Everything about her-the grandmotherly perfume, her energetic kindness-brought back the rainy afternoon when I had sat in her powder puff office and begged her to find me Mr. Right.

“We must have a long talk at the reception.”

“I wish, dear, but I’ve a granddaughter expecting a baby any second and have promised to be available to boil water. No choice but to leave at once and…” She paused. “Perhaps it is for the best. Someone is bound to ask me what my connection is to one or both of you and-”

Ben and I started to speak, but she shushed us.

“My dears, I am proud of the services offered by Eligibility Escorts and the work you did for me, Ben, but villages such as this are like the Whispering Gallery at St. Paul’s. And considering today’s practical joke… My advice is don’t let on how you really met. Say a fond aunt introduced you.”

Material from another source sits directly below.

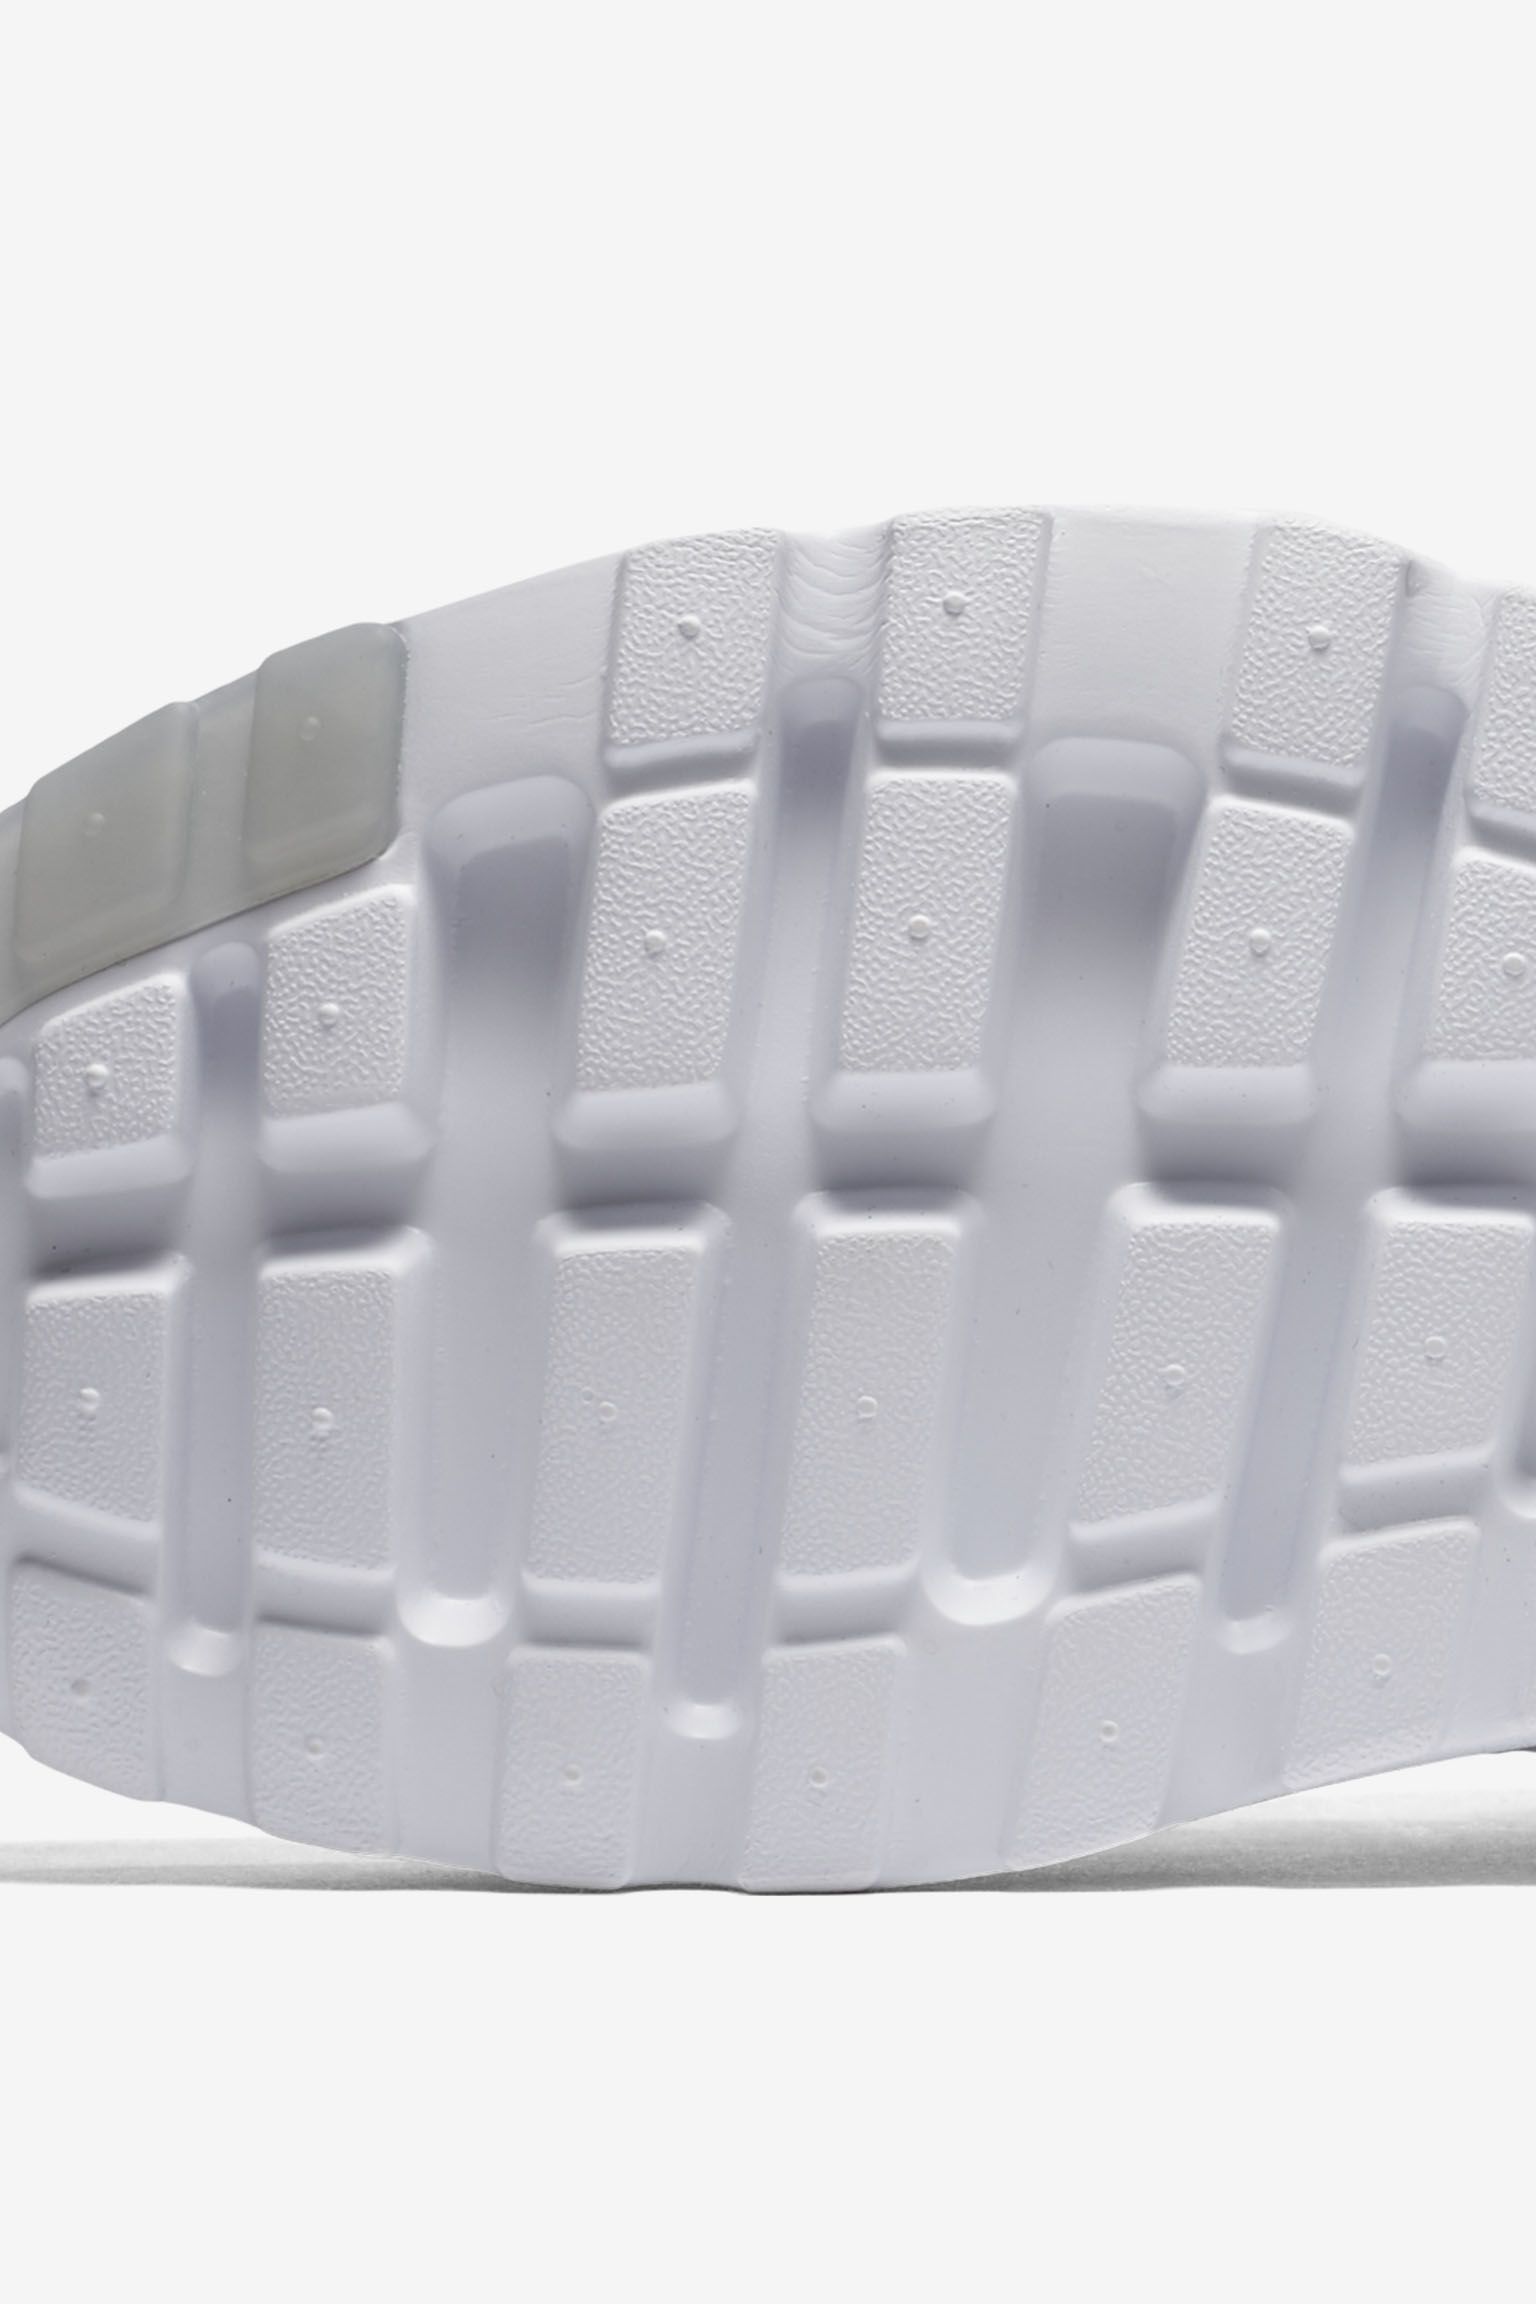 Nike Air Max Zero Triple White for Sale, Authenticity Guaranteed

Rain began coming down in splotches. Mrs. Swabucher’s chauffeur appeared with an umbrella.

“You both take care of yourselves,” she said. “We don’t want you catching colds. Speaking of health matters, you don’t patronize that awful Dr. Bordeaux, do you? I didn’t bring you darlings together to have anything happen to either of you. And now, take me away, James.” She tucked an arm through that of her chauffeur and was gone.

What people remained in the churchyard started turning up collars and unfurling umbrellas, fast-trotting to the cars. I heard Uncle Maurice and Aunt Lulu urging Jill to accompany them in their vehicle. Oh, cripes! They must think her relationship with son Freddy was serious, thereby making her good for a loan of at least twenty pounds.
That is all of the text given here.